Paniolo pride on display at the UH Hilo Heritage Center
The year-long exhibit in Honoka‘a will showcase the rich paniolo history of Hāmākua.
A new exhibit, Na Paniolo o Hāmākua, The Cowboys of Hāmākua, opens Mar. 31, 5:00 p.m., at the University of Hawai‘i at Hilo Heritage Center in Honoka’a. The year-long exhibit will showcase photographs and artifacts from Hāmākua-area ranches and paniolo (cowboys). The opening and exhibit are free to the public.
“When most people think of the post-Western contact history of the Hāmākua coast they think of sugar plantations, but there is a rich legacy of ranching in the area,” says Eileen “Momi” Naughton, coordinator of the Heritage Center. “Most of the plantations had their own ranches to provide horses and mules to the plantations as well as dairy products and meat for employees.”
Naughton explains the start of ranching in Hāmākua is largely a Portuguese story.
“When the first Portuguese laborers came to Hawaiʻi in 1878, they brought their families and were given an acre of land and a house as part of their contract,” she says. “When their contracts were over, many Portuguese bought land and started dairies and small ranches.

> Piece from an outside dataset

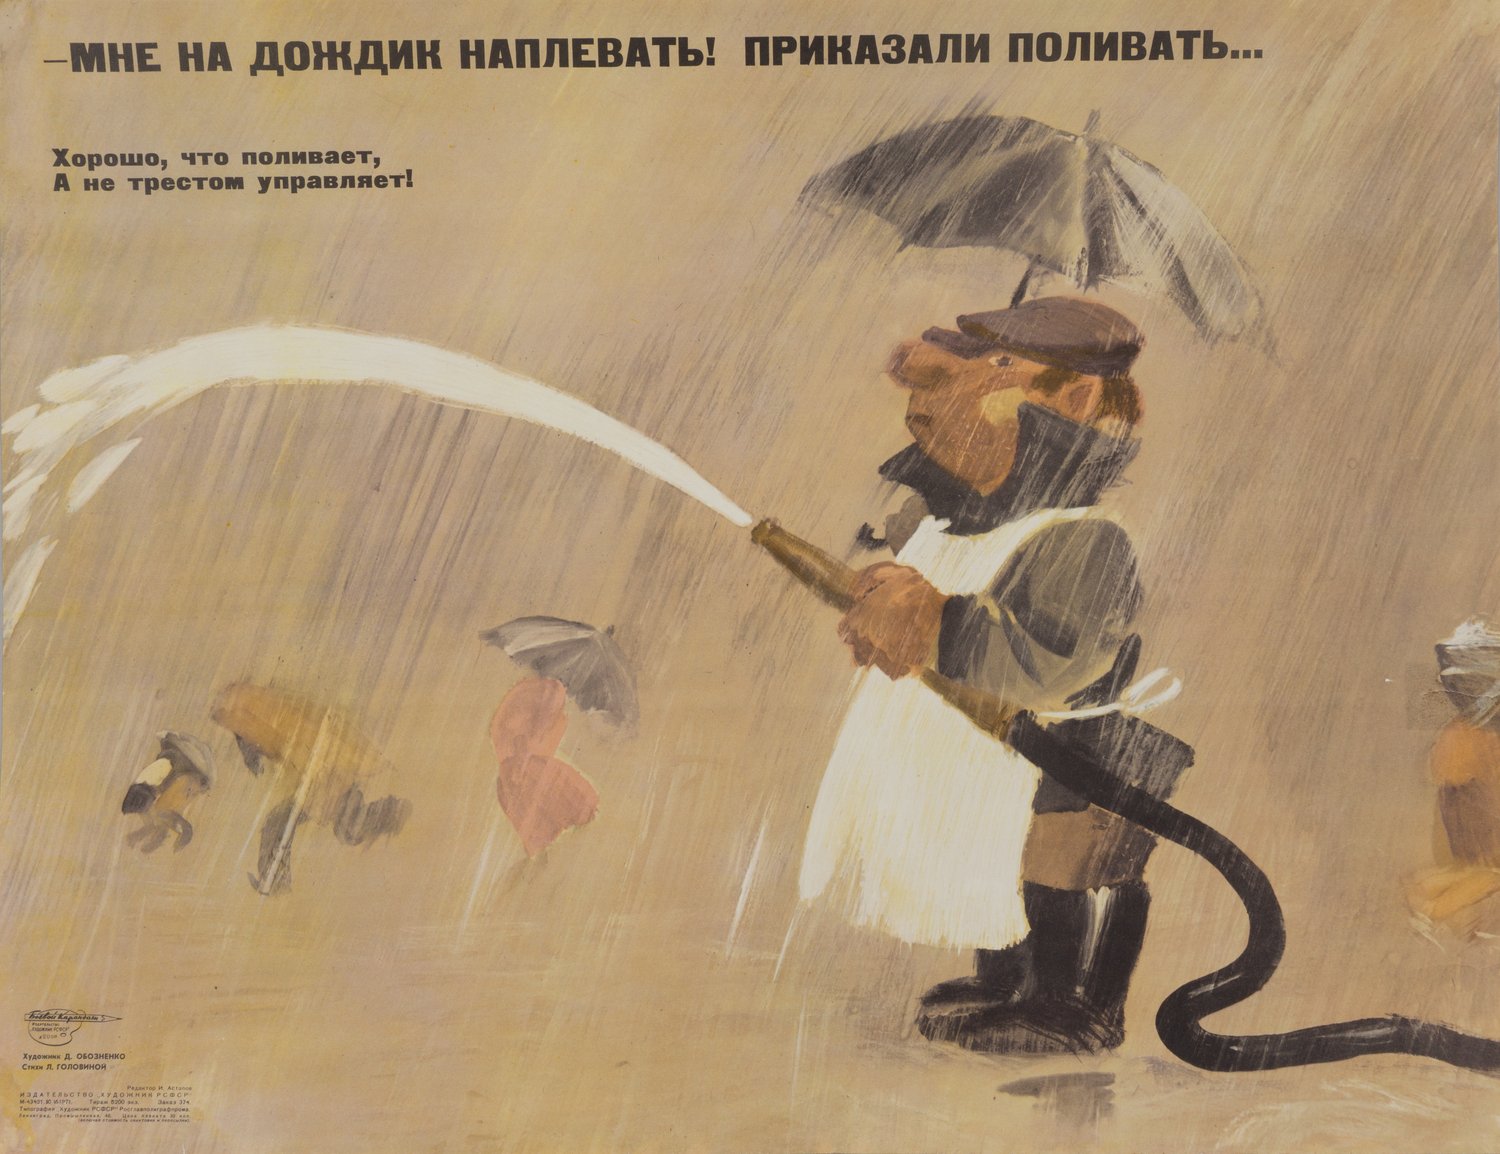 («Боевой карандаш«) Обозенко Д. Плакат «Мне на дождик наплевать! Приказали поливать...» (Л., 1971).

Most Portuguese had come from Madeira and the Azores where dairies were prevalent, so they brought this knowledge with them.”
Naughton has extensive experience in museum and heritage interpretation that includes being a curator at Bishop Museum in Honolulu, teaching interpretive skills in the Hawai‘i No Ka ‘Oi program at Kapi‘olani Community College, and teaching Museum Theory and Practice and Museology at Western Washington University and UH Hilo.
She served as director of the Anna Ranch Heritage Center in Waimea, where she did much research on early ranching when she was writing a social history of the ranch for the nomination of buildings to the Hawai‘i and National Register of Historic Places. She also did the interpretive plan for the Anna Ranch Heritage Center and wrote the nomination for Anna Lindsey Perry-Fiske to be inducted into the Paniolo Hall of Fame.
In addition, Naughton served for ten years on the board of directors for the Paniolo Preservation Society and currently is on the education committee.
“I think what has amazed me the most as I’ve done research on the families who ranch in Hāmākua is how these ranches have been passed down from generation to generation,” says Naughton. “When the plantations closed, the economy of Hawaiʻi shifted from an agricultural to a service industry subsistence. Yet these ranches have endured. One section of the exhibit is focusing on the new generation of paniolo and these would be the great-great-grandchildren of those who founded early ranches.”
The key contributors to this exhibit were all past or current paniolo: Donnie DeSilva, Charlie Kimura, William Andrade, Gary Rapozo, Wendell Branco, and Stanley Cypriano. Also, Corrine Kealoha and Terri Mahuna DeVerra provided family photographs from Kūkaʻiau Ranch.
Preparation of the exhibit offered the opportunity for UH Hilo student and anthropology major Arwen Potochney to work on the project through a directed studies class with Naughton last semester. Potochney was interested in paniolo leather craft, so she interviewed DeSilva and Kimura, both of whom have done leather work. In addition, Patochney designed the section of the exhibit and wrote the label copy or captions for the paniolo leather work.
“All the exhibits we do in the changing gallery are community-based so that people can relate to the topics at hand,” says Naughton. “Exhibits such as this bring community pride and focus on elements of our community that many may not be aware of.”